Aims and objectives:
- To compare the clinical outcome of SBO with WVC in primary root canal treatment.
- To compare the radiographic outcome of SBO with WVC in primary root canal treatment using periapical radiography (PA) and cone-beam computed tomography (CBCT).
Materials and Methods:
- Patients who are referred for primary root canal treatment of molar teeth at Jaber Al-Ahmed Dental Center and fulfil the inclusion/exclusion criteria of the study will be included.
- Informed consent will be obtained from all participants.
- Preoperative PA and CBCT scans will be taken.
- Upon completion of root canal instrumentation, the participants will be randomly allocated to either Group A: SBO or Group B: WVC. The participants will be blinded to the type of treatment received and the clinician will only be informed of the obturation method once the canals are ready for obturation.
- All teeth will then be restored definitively.
- The participants will be recalled after 1 year for clinical and radiographic assessment using PA and CBCT scans.
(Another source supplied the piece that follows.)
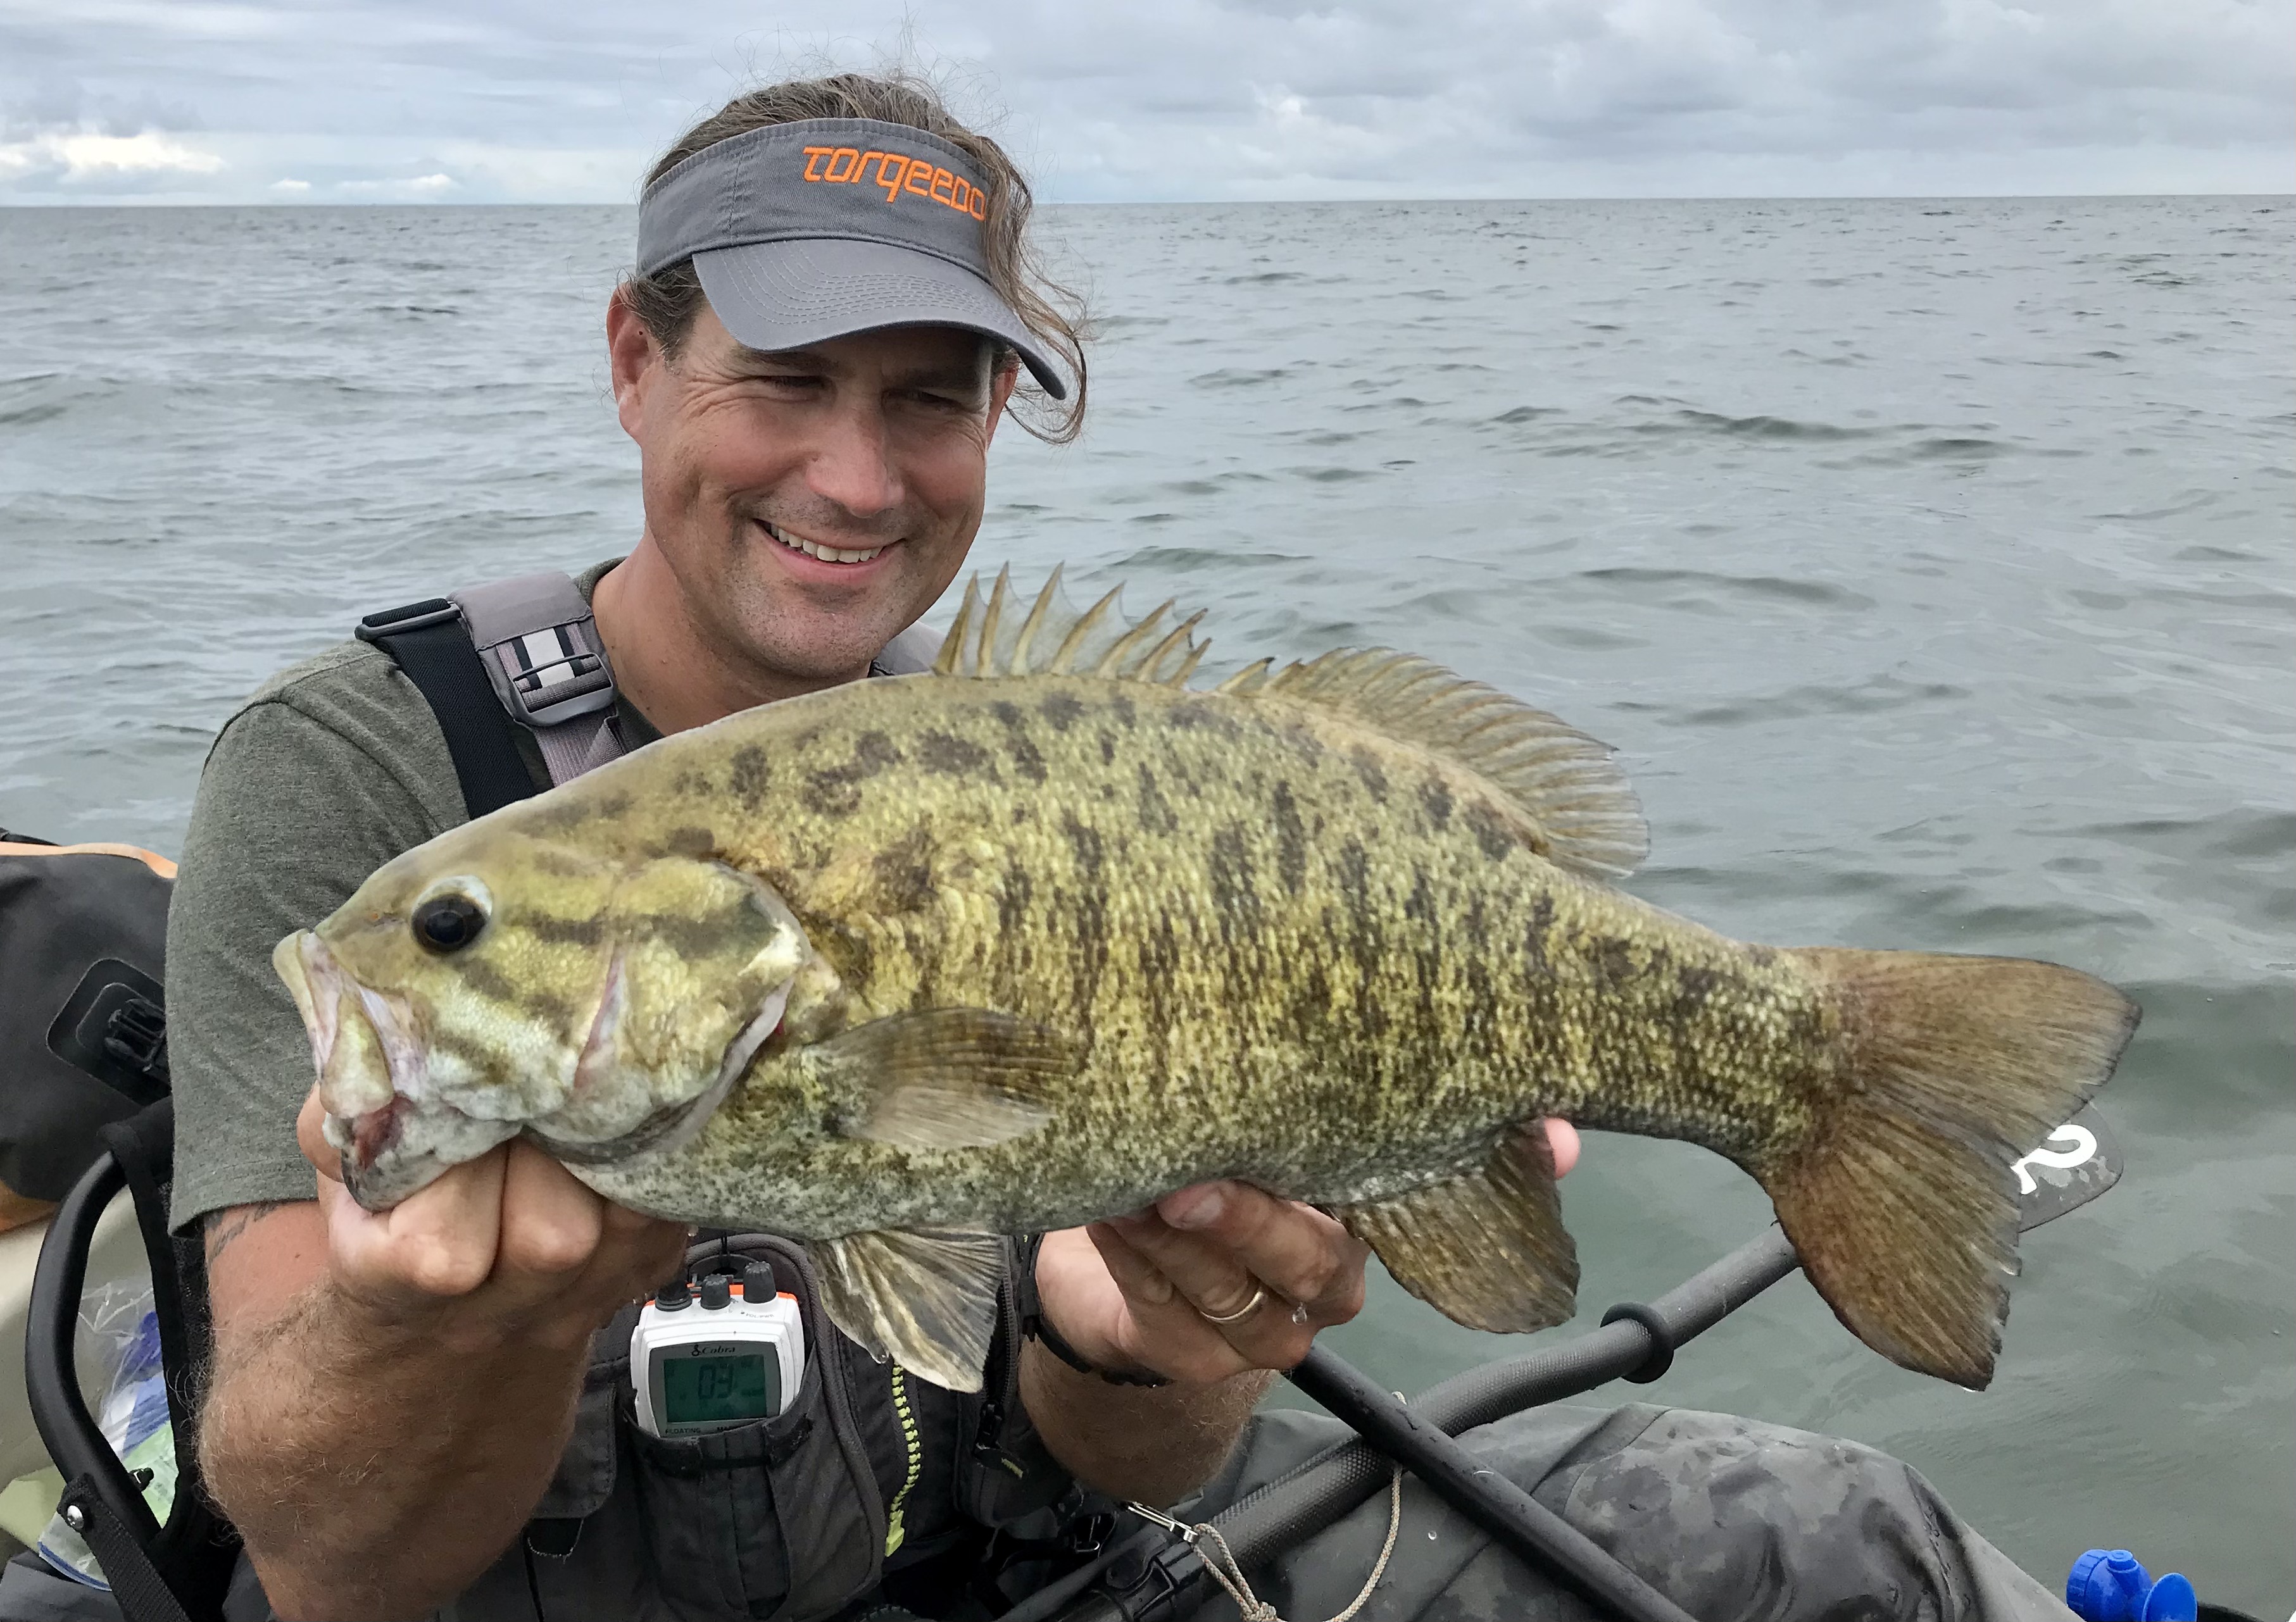 Big Great Lakes Smallmouth Bass caught from the kayak

- The participants will then be followed-up annually for up to 4 years.
- Statistical analysis will be performed.
- The design of the study will conform to the CONSORT statement.
- The study will be conducted in accordance with the Declaration of Helsinki, and ethical approval has been granted by the local health authority (ID: 2291).
Statistical and Analytical Plans:
Sample size estimation for the treatment outcome was performed using PASS 2019 computer software, utilizing information from previous studies on healing outcome after primary root canal treatment. For a two independent-samples t-test of proportions, at a power of 80% and a 5% significance level for a two-tailed test, detecting a 10% difference in healing rate required a sample size of 148 teeth. Adjusting for a dropout rate of 30%, the required sample size will be 212 teeth.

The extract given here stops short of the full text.